Why else would they assume we'd be impressed with the kind of patronising PR puff embodied in the new Customer Charter from NatWest, which aims to become "Britain's most helpful bank" by, among other stunningly original ideas, opening some of its branches on Saturdays, early in the mornings and late in the evenings?
And why else would they defend their mega-size against the threat of break-up on the grounds that customers benefit from economies of scale, integrated service and free personal banking, when it is abundantly clear that the only people who have benefited is the bankers themselves.

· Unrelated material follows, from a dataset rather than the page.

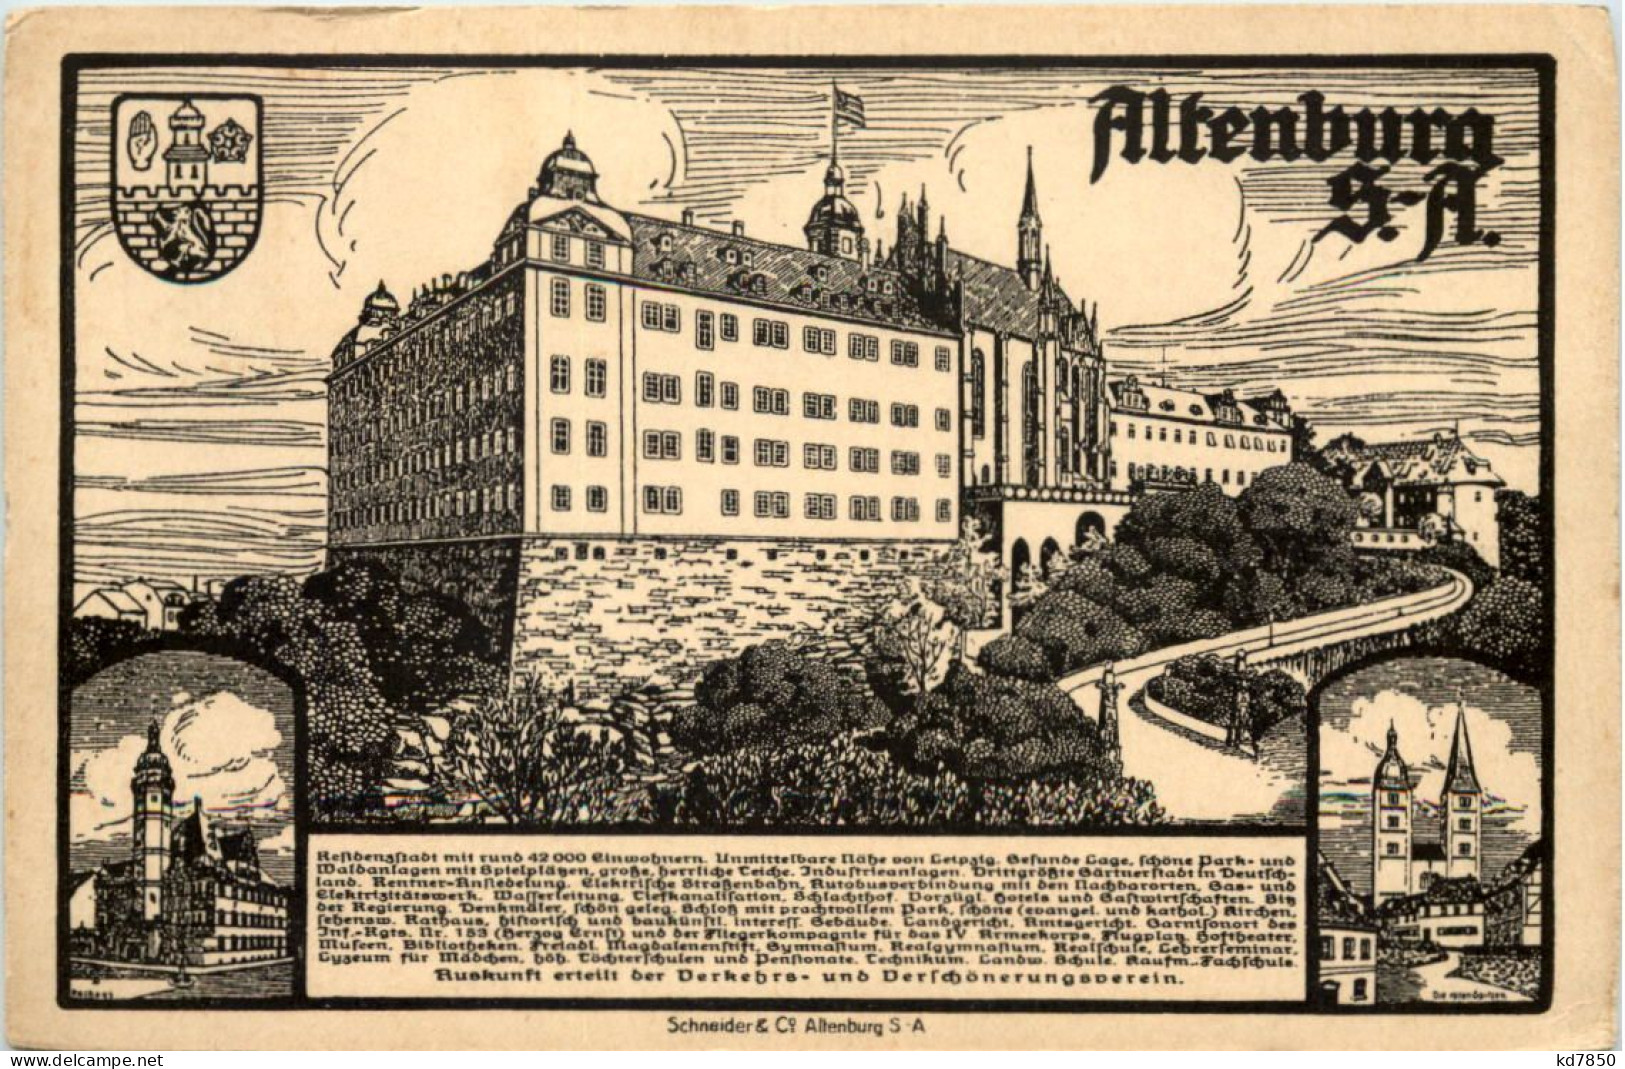 Altenburg - Altenburg

Being too big to be allowed to fail—which is what the banks are—is different from being too big to fail which, as recent history demonstrates, is clearly not the case.
Trust in banks is low and falling, eroded not just by the bonus culture, reluctance to lend to small businesses and the unfettered ambition that led to the recession, but also by myriad smaller assaults on the customer.
Banks seem to hold all the cards, but unless they start paying more heed to the responsibilities that are the corollary of the rights they are so fond of invoking, they may find that public hostility is more damaging to the UK's fragile reputation as a leading financial services centre than any attempt at unilateral reform of the industry could ever be.
Indeed, unilateral reform would demonstrate the kind of strong leadership that could both cement our reputation as a financial services hub and improve the banking system. If the best talent really wants to go, then let it: the second- and third-best could prove much more effective.